Scaramucci: Ok. So, what’s happening is these decentralized properties are way sturdier. And I think what you learn from sociology, political science, biology (is that) things that are decentralized, are sturdier. And listen, I mean, the American government is actually one of the most decentralized governments in the world, which is the reason why it’s lasted 246 years. So, we’re about to enter an age of individualism, an age of libertarianism, and an age of freedom. And, by the way, this is why some governments — autocratic, authoritative governments — don’t like it. ‘Get it out of my country. Move your mining, move the assets. You’re not allowed to own it.’ Because they’re afraid of it. But I’m not afraid of it. I want people to embrace it. And you have a colleague that says it better than me. There’s no systemic ‘racism’ in this, because you’re an individual able to express yourself and you don’t have to come in to some centralized company and listen to a whole lot of nonsense and bunk.

Lau: That access to talent is also critical. I mean, people just want to be able to do good work. What kind of environment do you think you want to create? And also, as you see the space around you, what do you want to support?

Scaramucci: It’s a really good question. So, there’s a lot of different elements to that. I want there to be a media angle (because) people like you are so important. You can’t imagine the influence that you have, because you’re reaching people that need to know about it, but they’re almost a little embarrassed because they don’t know about it, so they can tap into somebody like you. 

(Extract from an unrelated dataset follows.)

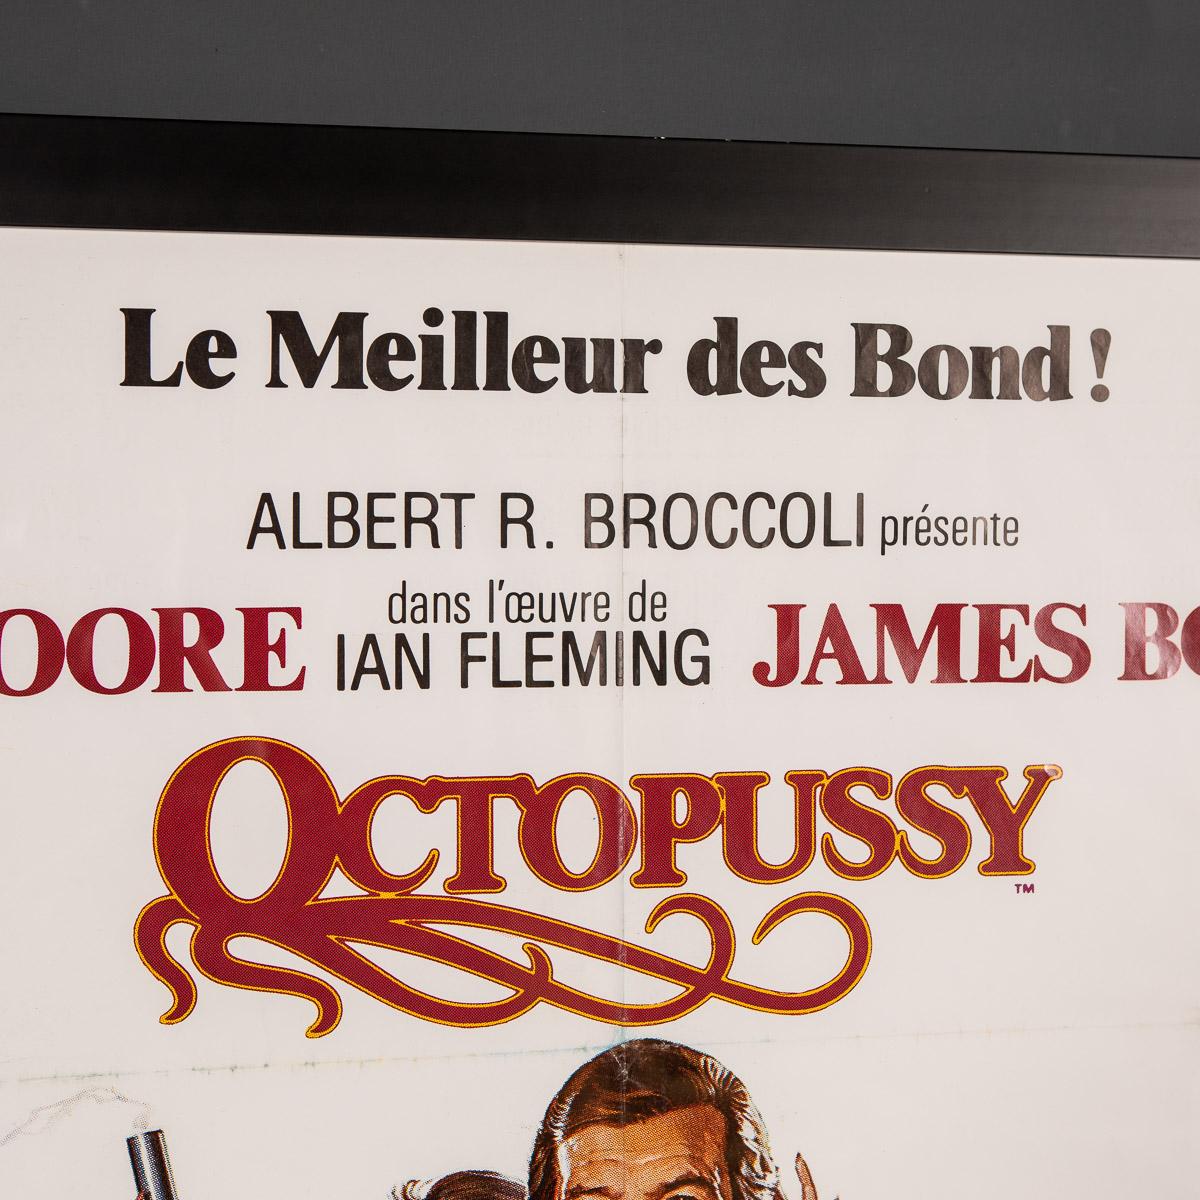 A very rare and original French 'Grande' release poster from the 1983 'Octopussy'. A 1983 spy film and the thirteenth in the James Bond series produced by Eon Productions; it was the sixth to star Roger Moore as the fictional MI6 agent James Bond.

So there’s a media angle, there’s a conference angle, and then … there’s a fintech laboratory angle, where we have a venture capital project going on and we have a coin project. We’re just going, ‘Own the underlying coins.’ And then, of course, we have our broader based several billion dollar fund, where we own hedge fund assets in there — guys like (asset management company) Point72 or Dan Loeb (the chief executive) at Third Point. But we have very big macro positions and cryptocurrencies like Bitcoin and Ethereum. So, for me, when I get up in the morning, I say to myself, ‘How am I going to get one more person that doesn’t understand it or hates it to at least embrace it and open their eyes?’ And that’s what I’m trying to do every single morning.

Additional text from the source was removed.